Accordingly, some, or all, of the operations included in an operating segment may be
presented as discontinued. When operations in a segment are being scaled down, that by
itself, will not impact whether it qualifies as an operating segment.
However, Ind AS 108 will not apply to a segment that consists entirely of discontinued
operations because of Ind AS 105 Non-current Assets Held for Sale and Discontinued
Operations, which states as follows. Ind AS 105 specifies the disclosures required in respect
of non-current assets (or disposal groups) classified as held for sale or discontinued
operations.
Case 1: Company has functional currency INR, but CODM is foreigner and segment
information is reported to him in USD. In case the CODM decides it is more useful for users
to disclose segment information in the financial statements in INR.
In such case explanatory note must be given
Case 2: Company provides cash incentives to customers exceeding the revenue. In P/L these
are included as negative revenue in accordance with IND AS 115. However, in segment
disclosures to CODM, these cash incentives are presented as an expense.
In such a case, segment information to be presented in the same manner as used by CODM.
Additionally it will result in reconciling items between the P/L and the segment disclosures.
Case 4: A Parent and its subsidiary' have the same business.

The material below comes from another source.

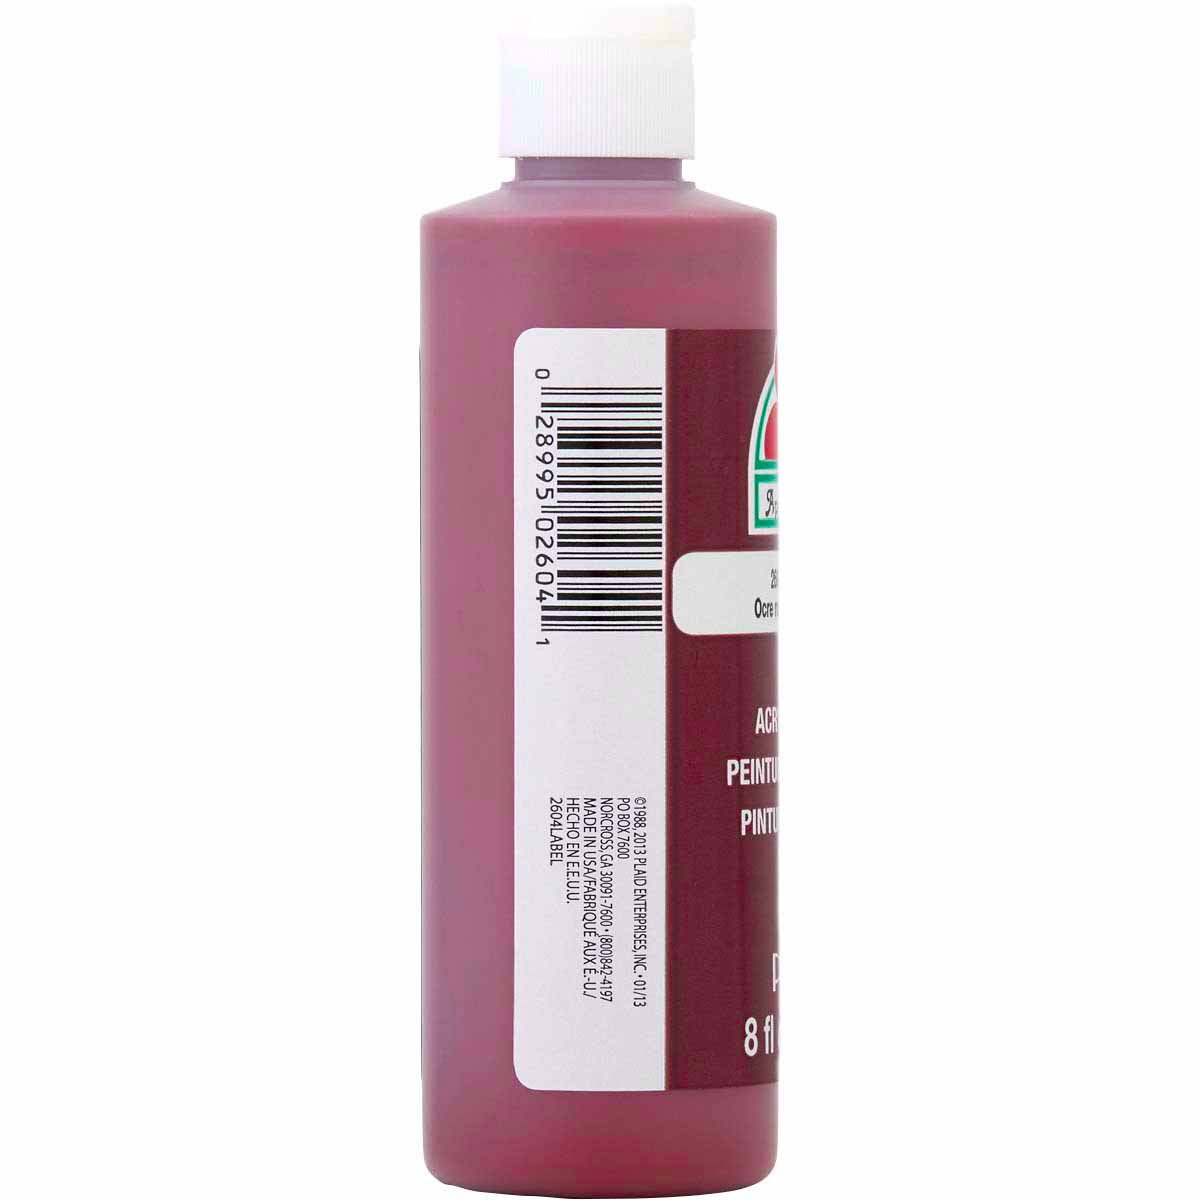 Apple Barrel ® Colors - Barn Red, 8 oz. - K2604
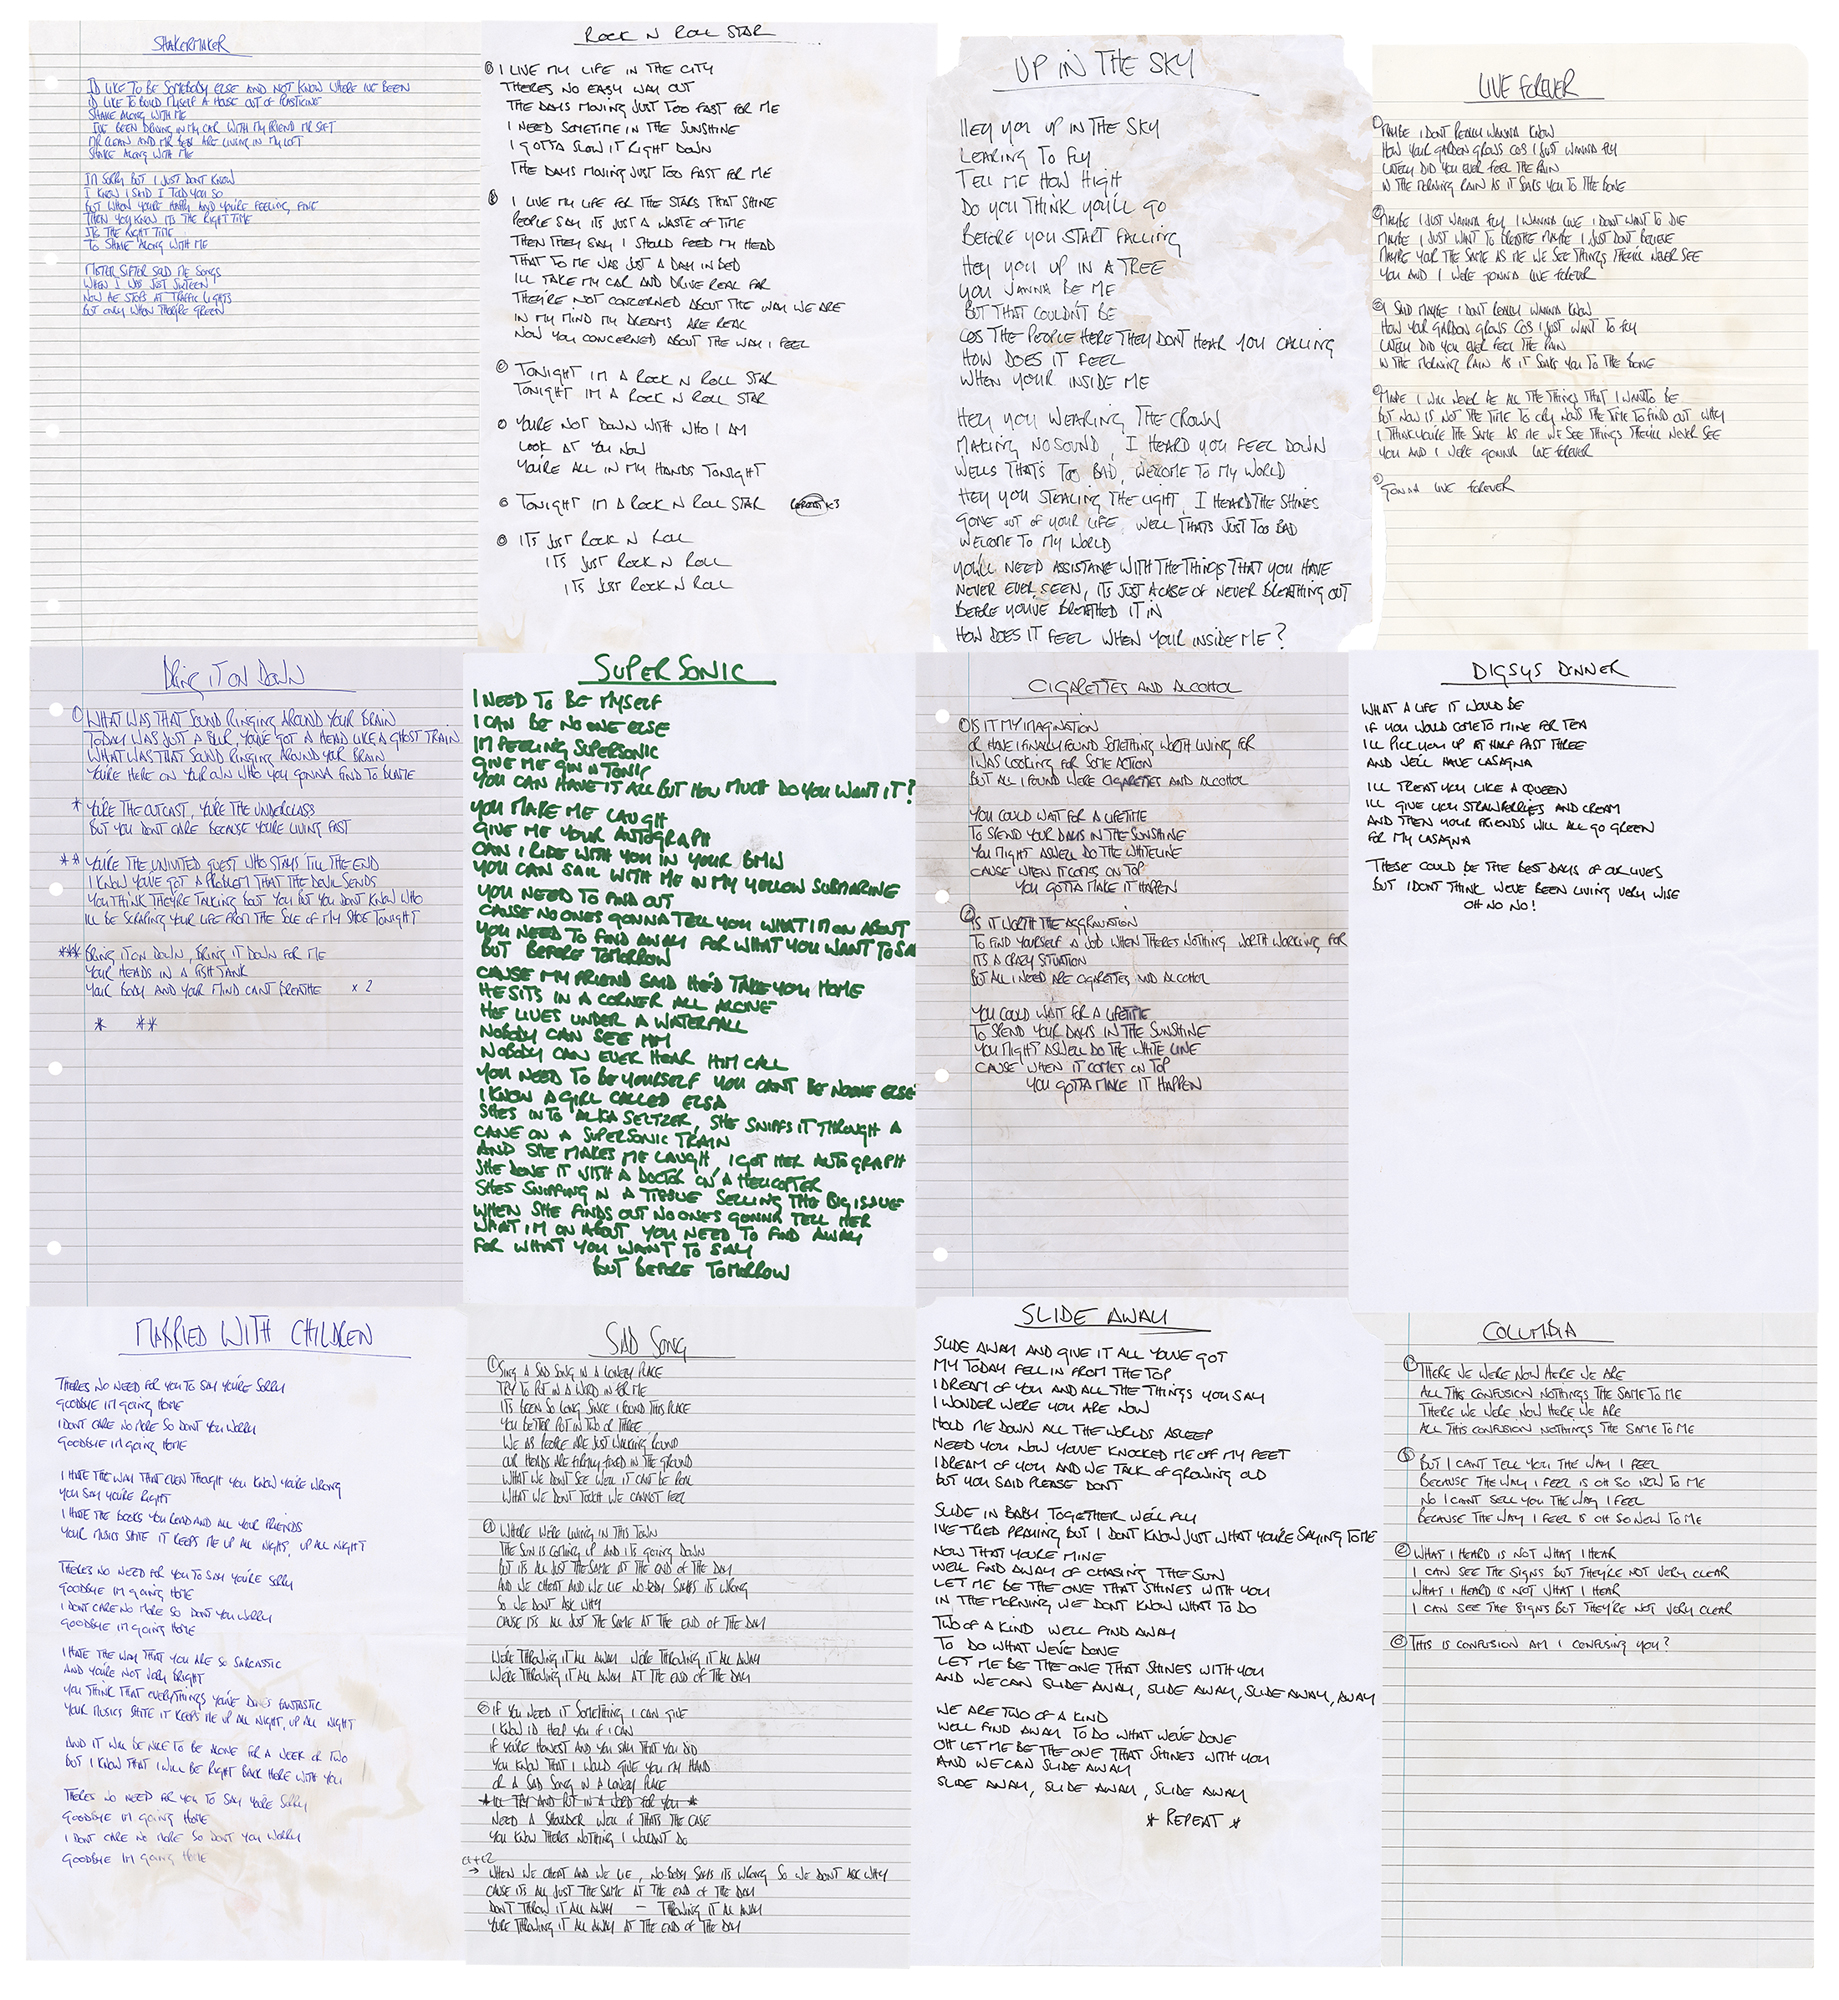 Lot #8051 Oasis: Noel Gallagher Handwritten Lyrics for Definitely Maybe

Do the operating segments
reported by the subsidiary need to be the same as those of parent company?
NO, as CODM for both can be different and thus segmentation will be decided by respective
CODM. For CFS purposes, segments should be determined as per CODM of parent co views.

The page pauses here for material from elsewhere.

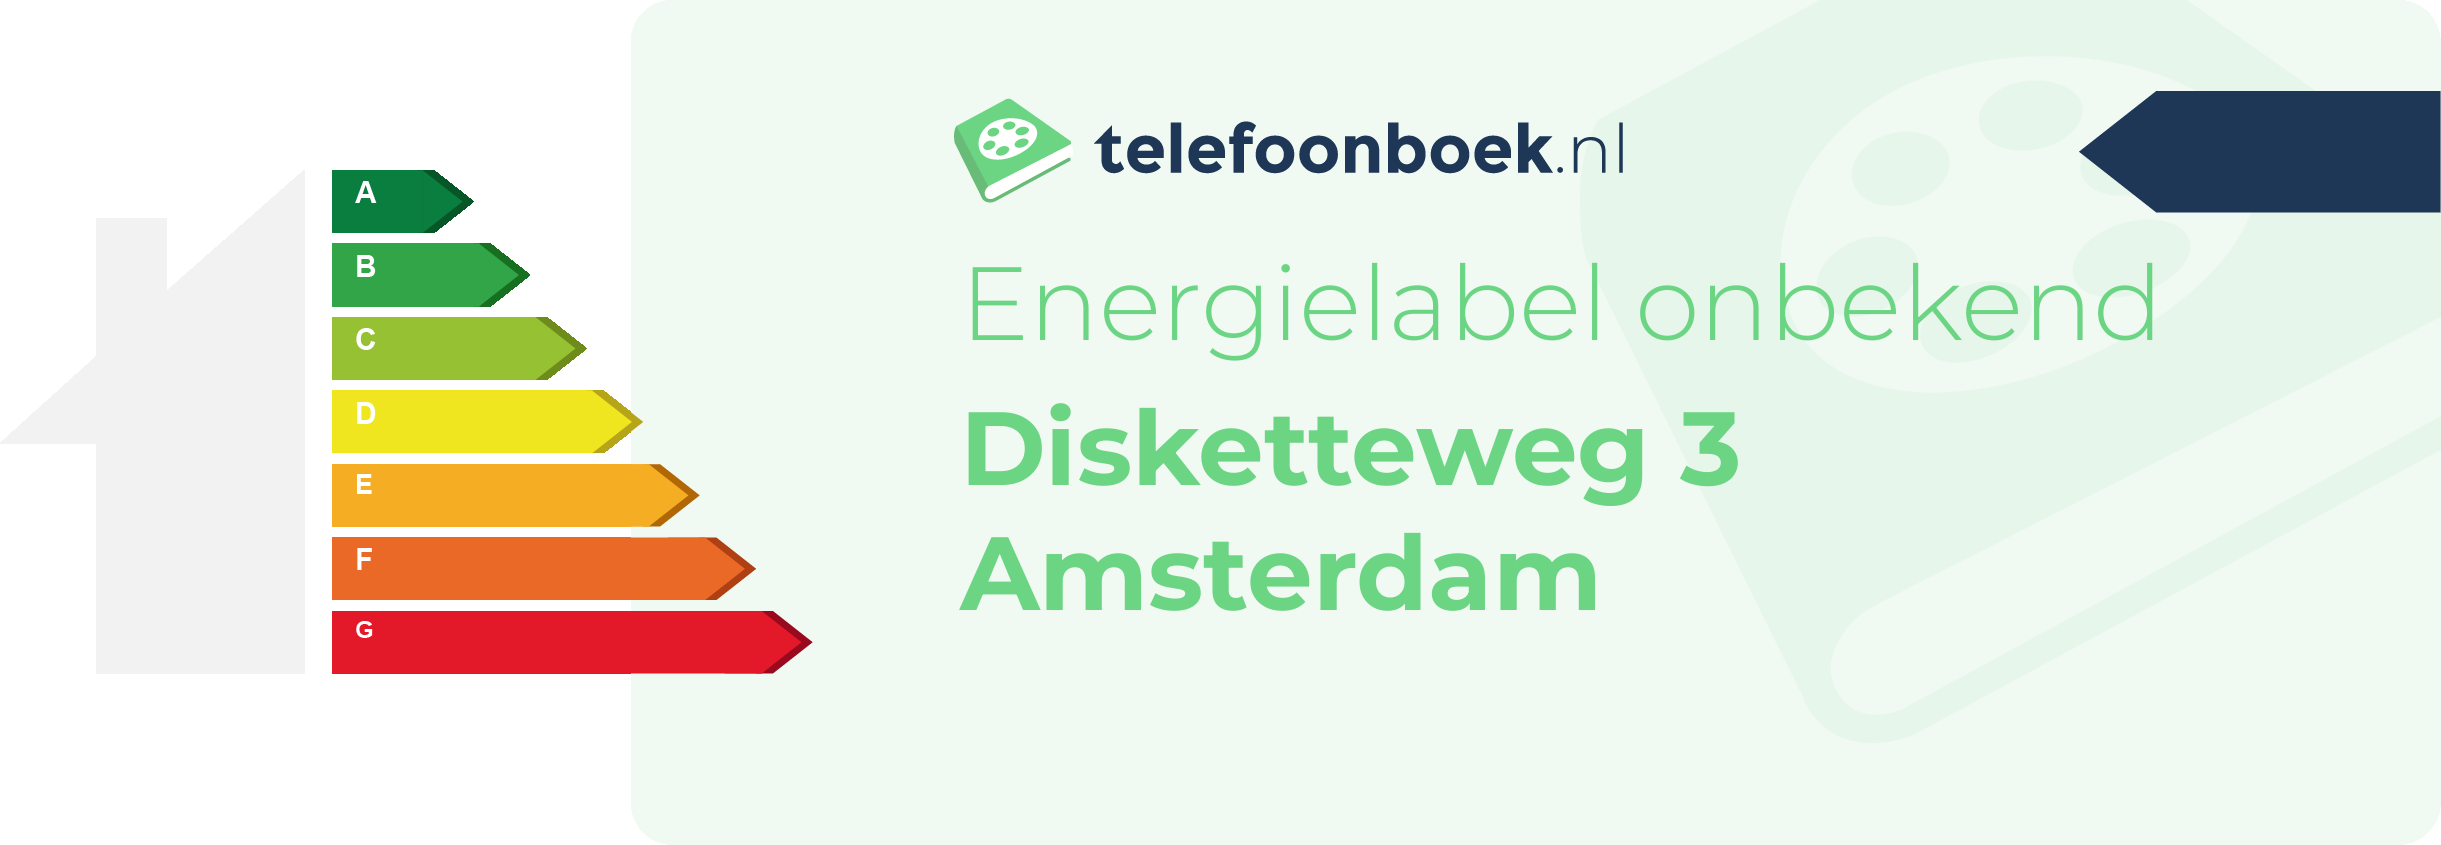 Energielabel Disketteweg 3 Amsterdam

Ind AS 108 requires an entity to provide breakup of revenue and non-current assets on the
basis of geographical areas, divided into country of domicile and foreign countries.
Generally, country of domicile is a country or registration of an entity where it has its legal
address or registered office, or which is considered in law as the centre of its corporate
affairs.
Entity wide disclosures are based on financial information used to produce financial
statements. Judgement is required to disclose revenue by county. Even if an entity
determines that it has only one single reportable operating segment, the entity wide
disclosures are required.
Revenues from a single external customer amount to 10% or more of the entity's total
revenues, the total revenues from each such customer and the identity of segments
reporting such revenues must be disclosed. However, names of such customers are not
required to be disclosed. A group of entities under common control are considered as a
single customer.
Ind AS 108 requires the use of APM's for segment disclosures, if that is how, the chief
operating decision maker evaluates the segment for internal purposes. The use of APMs in
segment disclosures, seems to be on the rise globally.